Algorithmic medical care is already here. The use of computers to assist in diagnostic activity has been with us for many years, for example, most EKG machines automatically print a series of diagnosis which is subsequently ‘over-read’ by the billing cardiologist. But, in general, those algorithms can be understood; this is not the case for algorithms based on machine learning where even the programmers do not know how the program is making decisions.

The developers involved in Google’s competition to beat the best in the world at the game GO (the computer won) have no idea how the computer did it. Similar artificial intelligence systems are being developed for analysis of imaging in mammography and examining the retina for diabetic retinopathy. While not yet clinically deployed, they will be. That is why the court's approach to the problem is important.

It seems that

  • The courts believe these programs are helpful in gathering “as much information as possible” and arriving at “individualized sentence.” Will similar medical systems be considered as useful in gathering information to inform a personalized medicine’s diagnosis or treatment? Will they become a standard of care?
  • That the courts allowed companies to maintain the propriety nature of their algorithms. Will they be free of liability when diagnosis and treatment are incorrect? After all, how can a reasonable person explain a decision cloaked in proprietary secrecy and not understood by its developers?
  • While patients will know everything, the doctor knows, at least regarding the diagnosis provided by algorithms, that liability will not be equally shared.

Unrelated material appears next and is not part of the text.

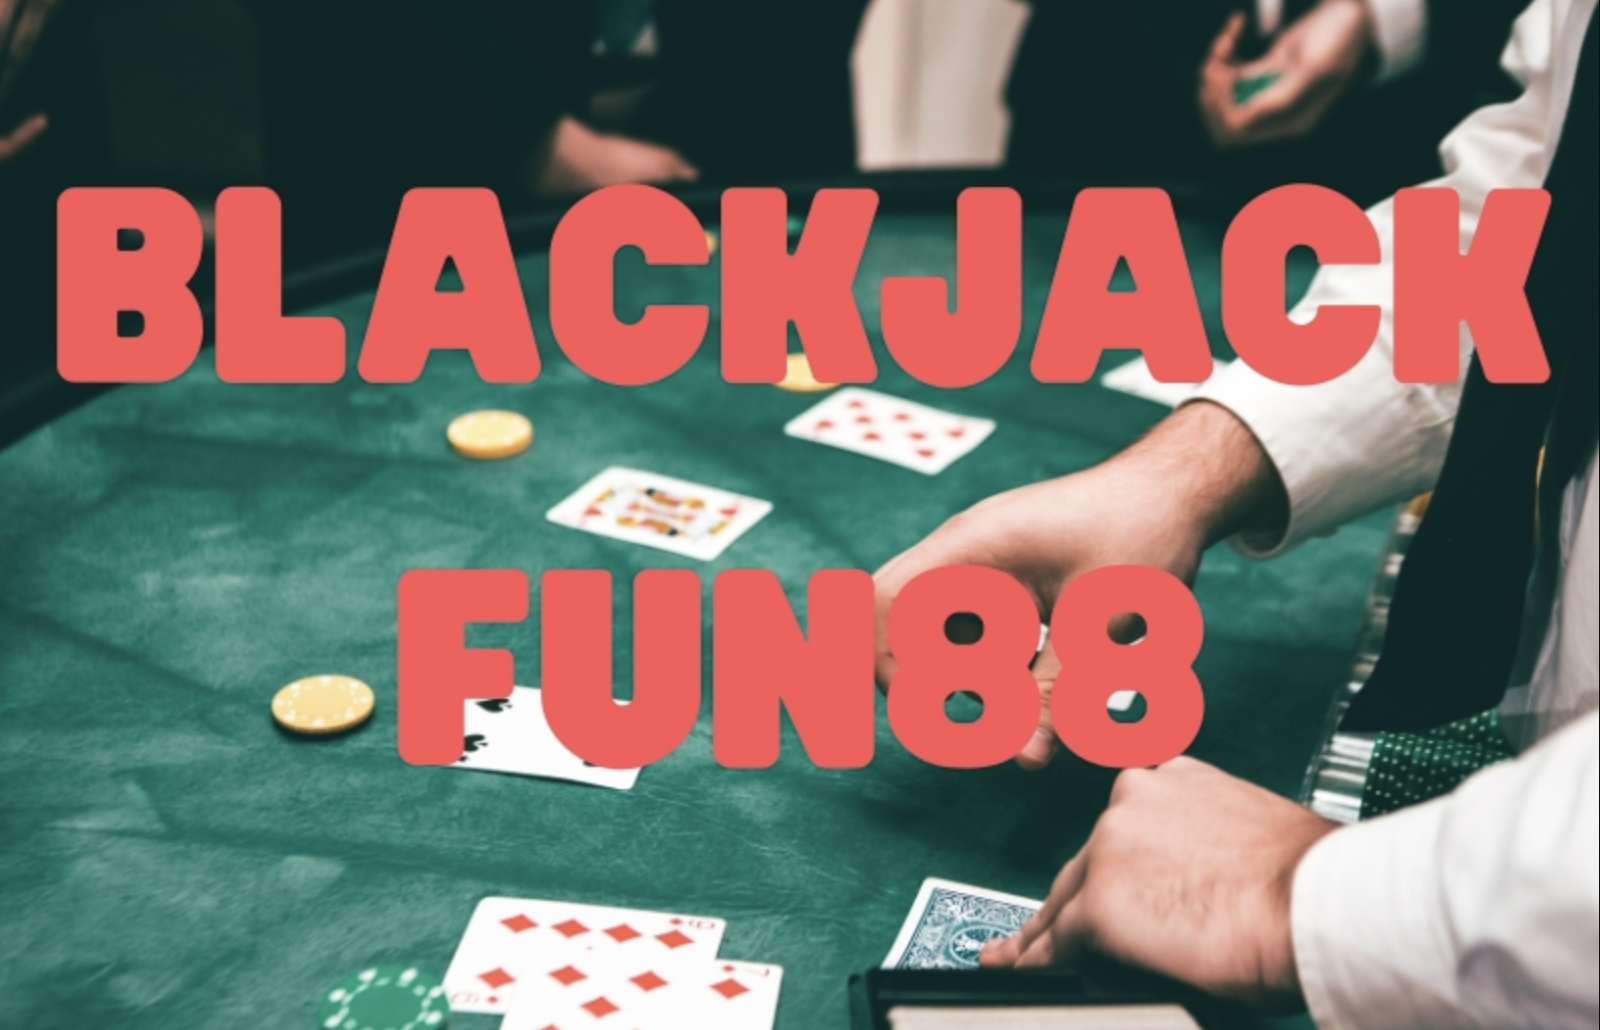 blackjack Fun88
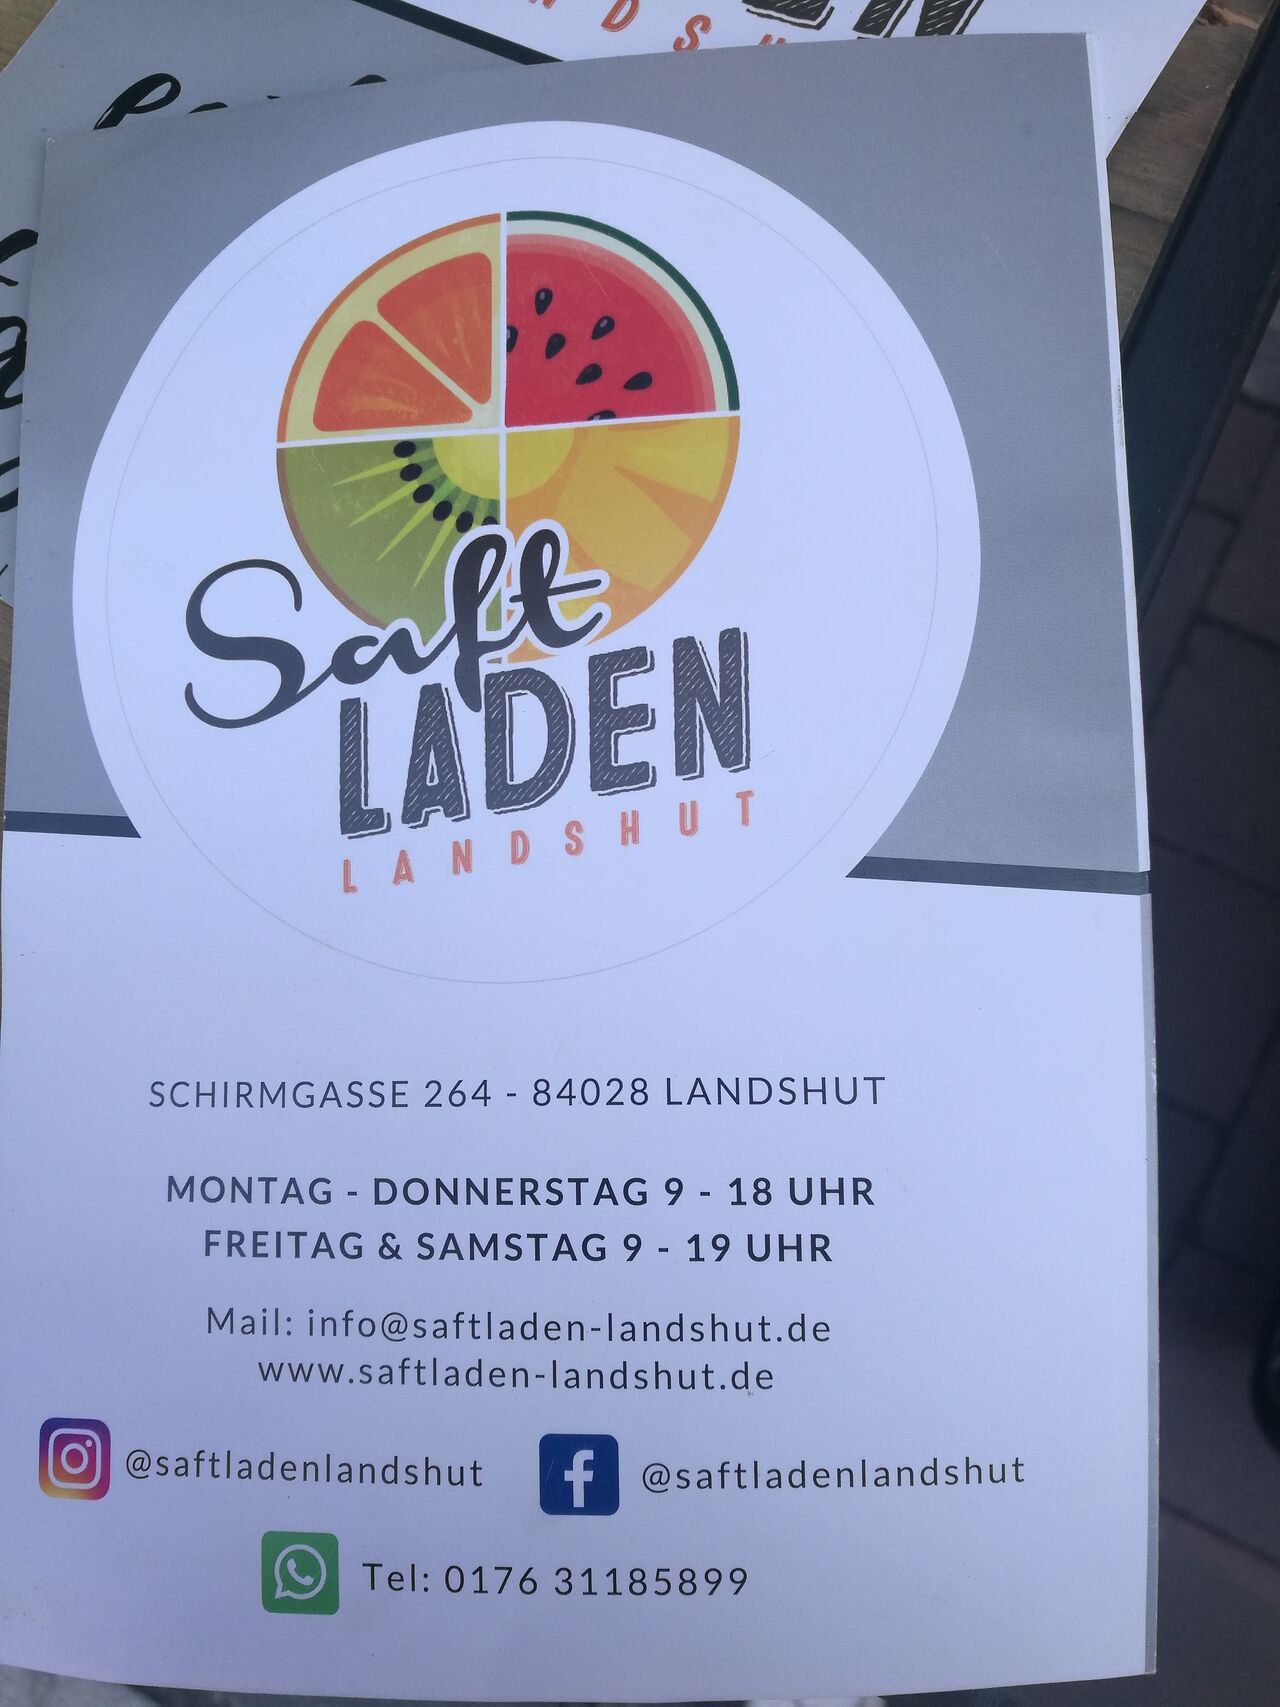 A photo of Saftladen

Algorithmic medicine does and can improve the uniformity, and therefore quality, of our work. But there is a conflict between privacy, security and the best care of patients. The New York Times, no surprise, wants the private sector out of the algorithms, arguing government can develop their and allow defense lawyers to evaluate them.

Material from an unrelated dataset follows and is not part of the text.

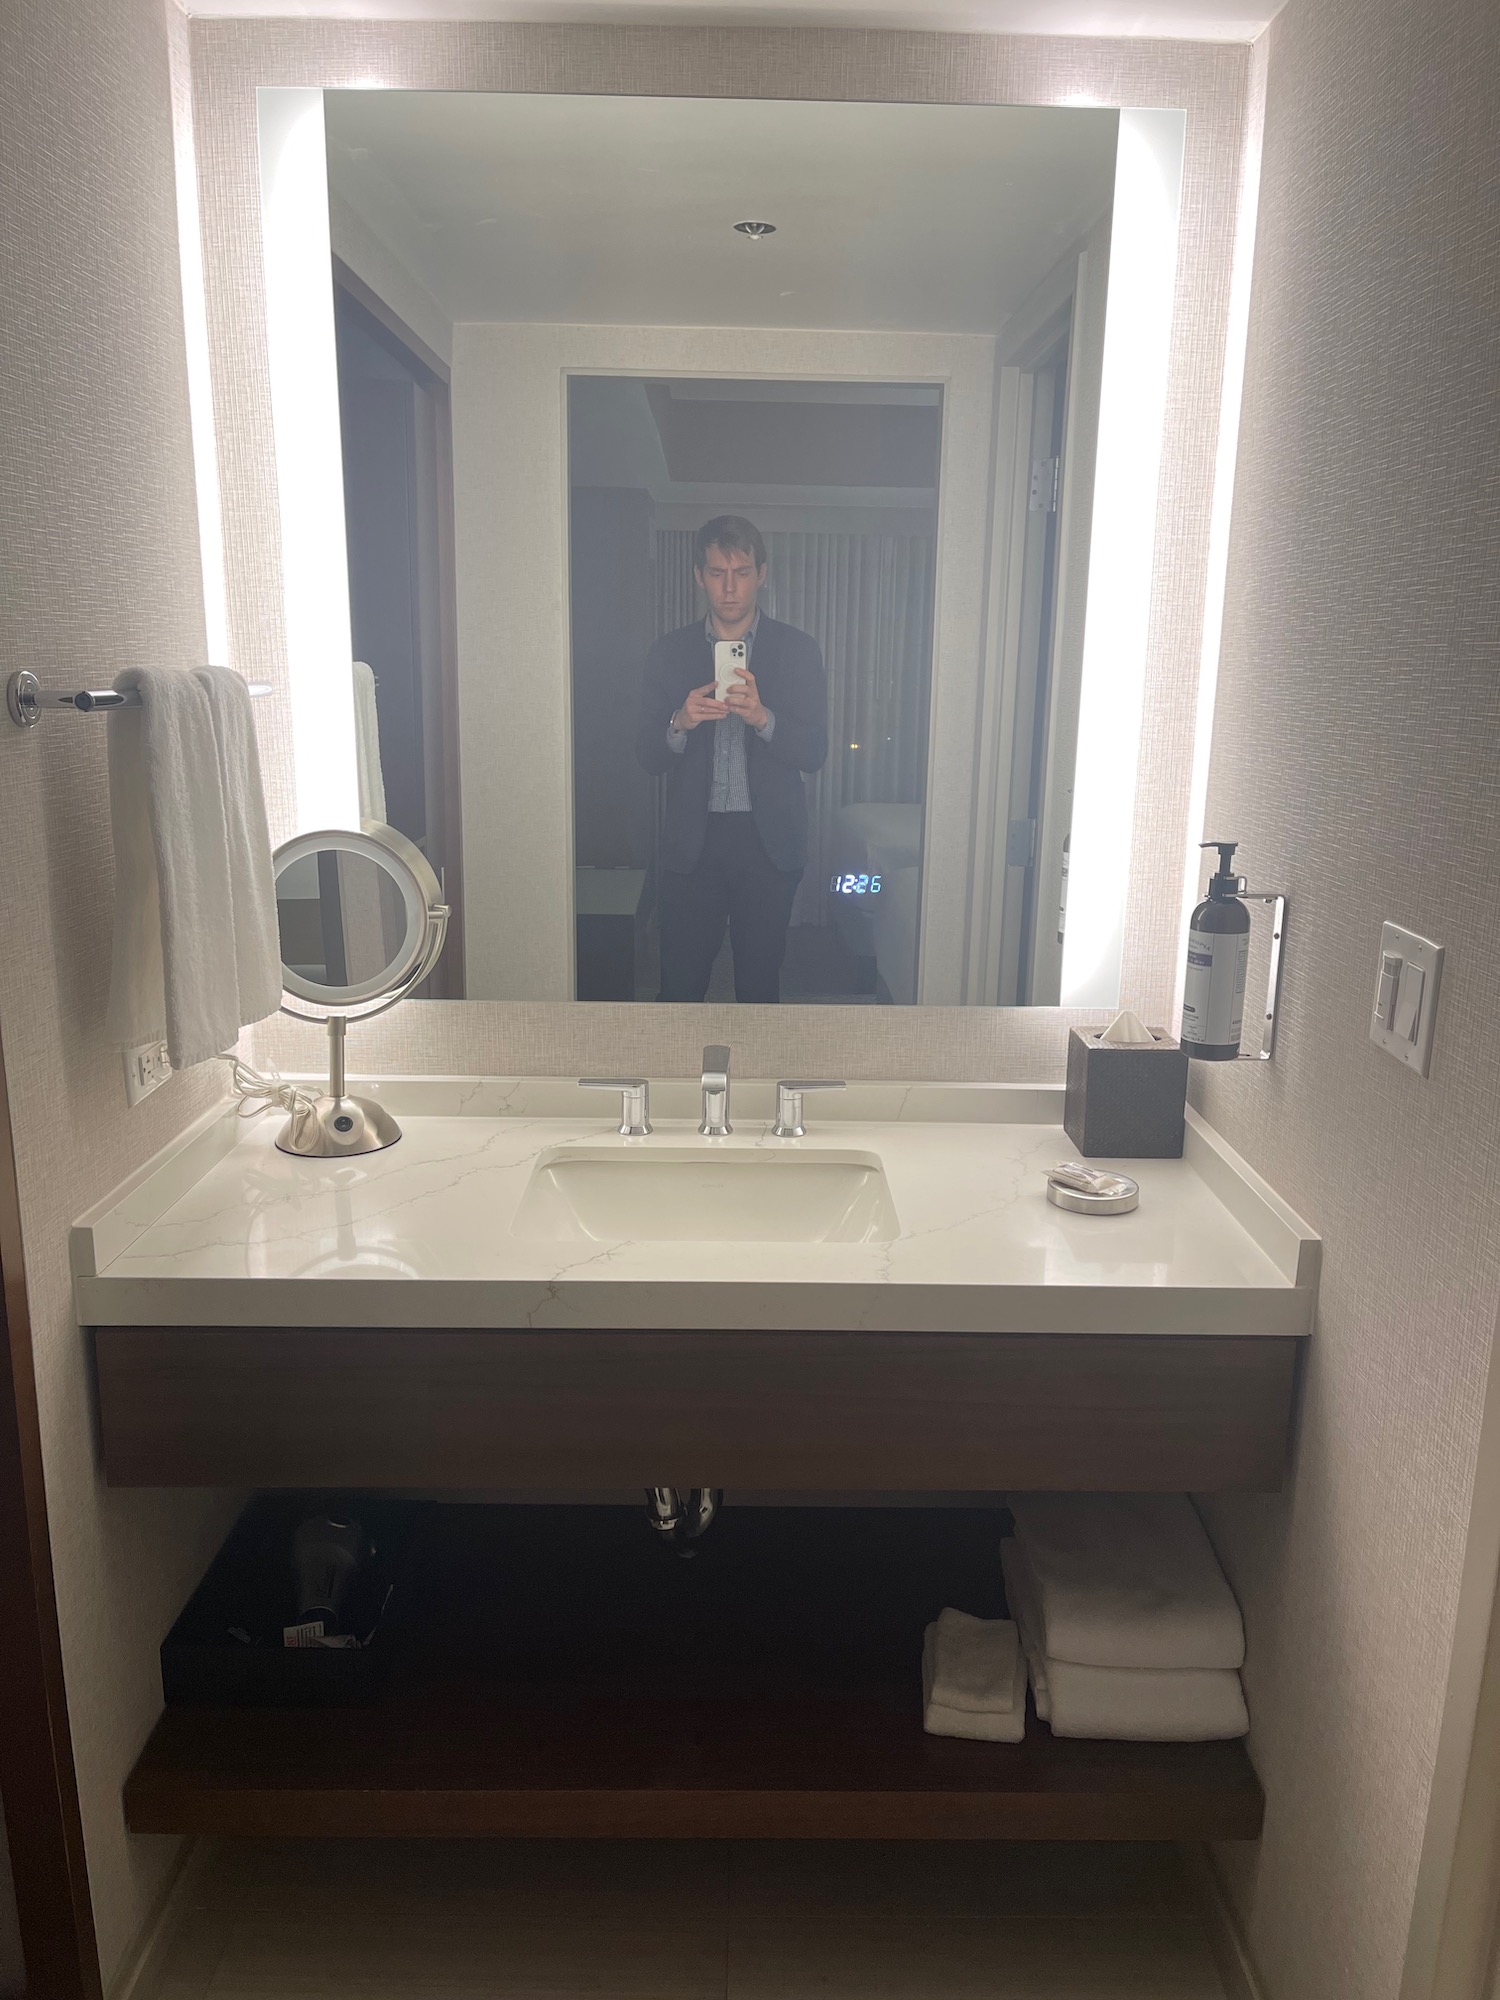 a man taking a selfie in a bathroom mirror

Because physicians are being told to incorporate electronic health records into their practices and are distracted by the rapidly changing methods of payment as we switch from fee for service to global fees, bundled care, etc. there is no ongoing discussion of algorithmic medicine - black box medicine, if you will. A concern that should be that these systems, glittering objects of cutting edge technology, will be foisted on physicians and patients by government with little real-world consideration.